Response: Dryer fabric design, as it pertains to sheet shrinkage, centers upon the designer’s knowledge of the following areas: the characteristics of the designated paper grade, the fabric and sheet path as they pertain to the machine builder’s configuration of the dryer section, the drying rate of the section where the design is applied and how it affects the paper grade that is produced, and the type and performance capability of any runnability components installed in the designated section (for example, blow boxes, transfer boxes, or vacuum rolls).

From this information, the designer examines the fabric characteristics that best address the paper grade and machine hardware issues, such as: contact area, frequency and distance between contact points, fabric permeability, and fabric surface characteristics.

Recommending the correct materials for the machine and cross machine direction structural components allows the designer to maximize the amount of sheet restraint applied to the paper sheet as it is dried, while still controlling the drying rate. The designer’s goal is to set the sheet without inducing a fabric mark or edge quality defects so that when it first enters an unrestrained draw area, there will be very little residual shrinkage left in the sheet to narrow the width of the sheet delivered to the reel. The key to obtaining this result is to provide cross machine sheet restraint from the shrink forces induced by the drying of the sheet. Once the sheet is set, there is very little cross machine shrinkage left to narrow the sheet in an open draw.

DWight Payne, technical manager, Voith Fabrics

Service plays a larger role now in the total product of fabric suppliers. What role does the level of service play in pricing?

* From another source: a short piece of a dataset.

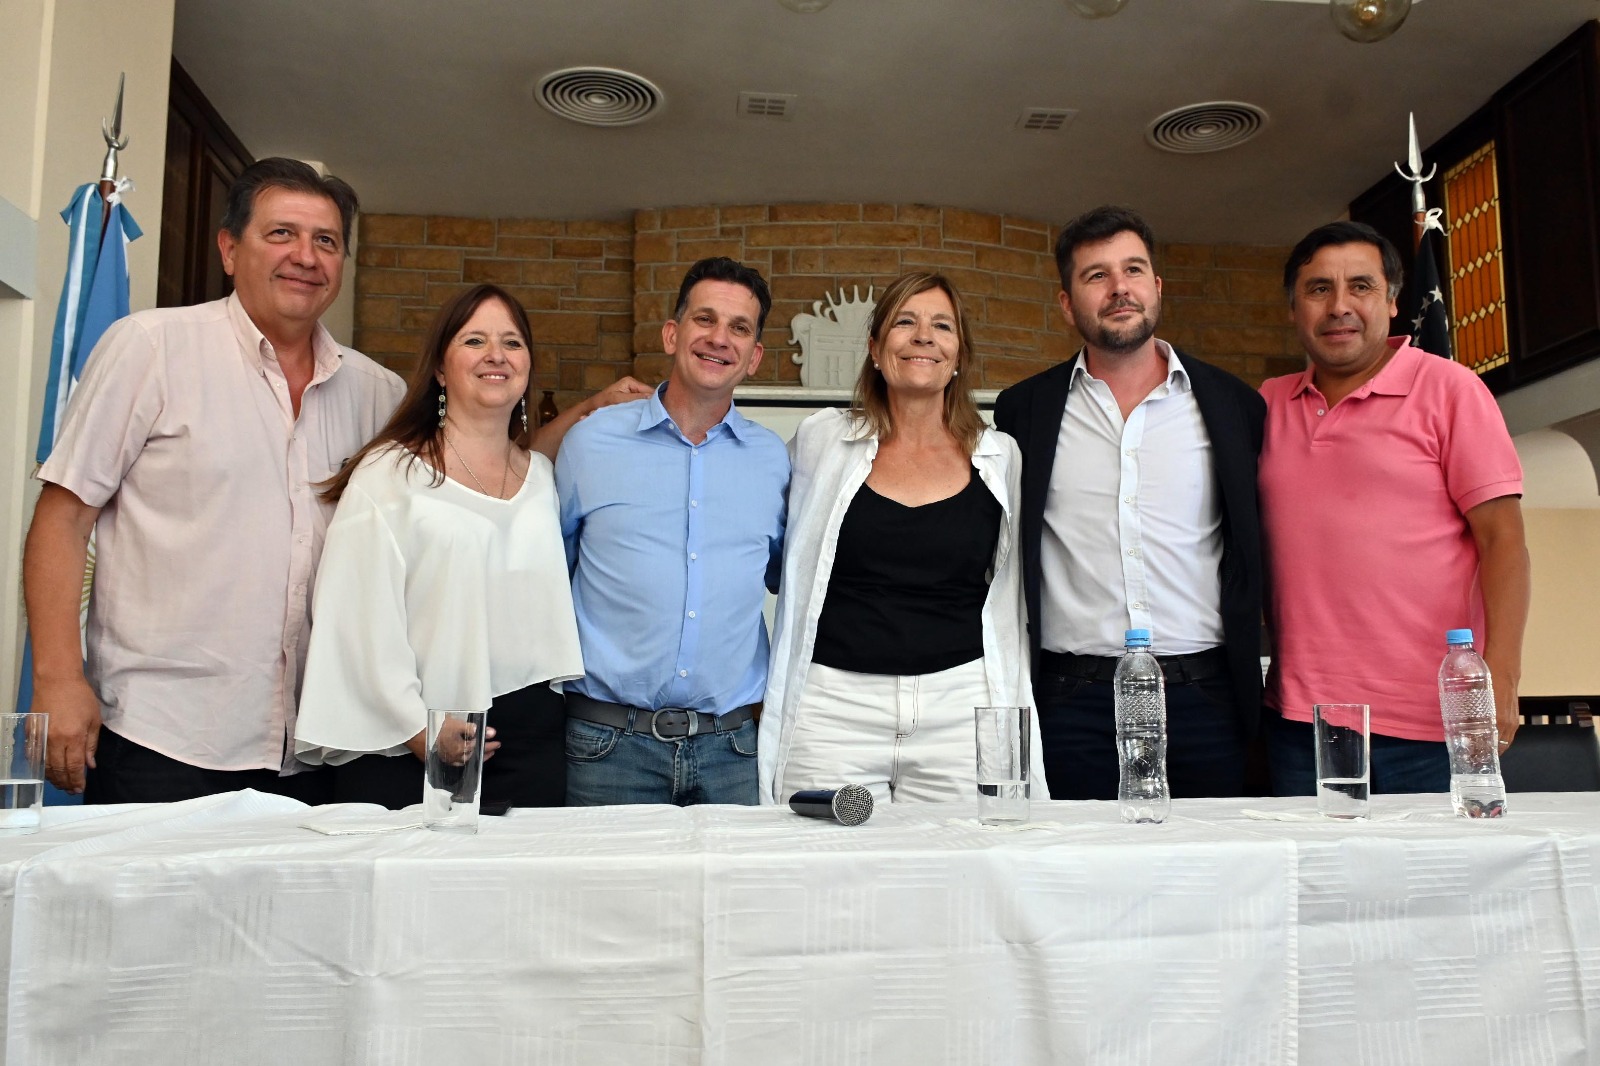 Rajneri, Odarda, Costa Brutten, Horne, Berros y Arce en la presentación en Viedma. Foto: Marcelo Ochoa

Response: Just as service is playing a larger role in the total product offered, it is playing a larger role in pricing. Clothing suppliers must factor in the cost of service when determining their prices. If clothing suppliers’ margins get squeezed by demand for lower pricing from paper companies, the cost of providing service becomes a critical issue in the value/benefit equation for buyer and supplier.

This makes it critical that clothing suppliers fully understand the mill’s requirement for service before preparing pricing programs. Also, clothing suppliers must clearly understand their actual costs for their people, equipment, and travel involved in providing service. Likewise, paper companies need to understand their service requirements and the value of the service when selecting suppliers and negotiating prices.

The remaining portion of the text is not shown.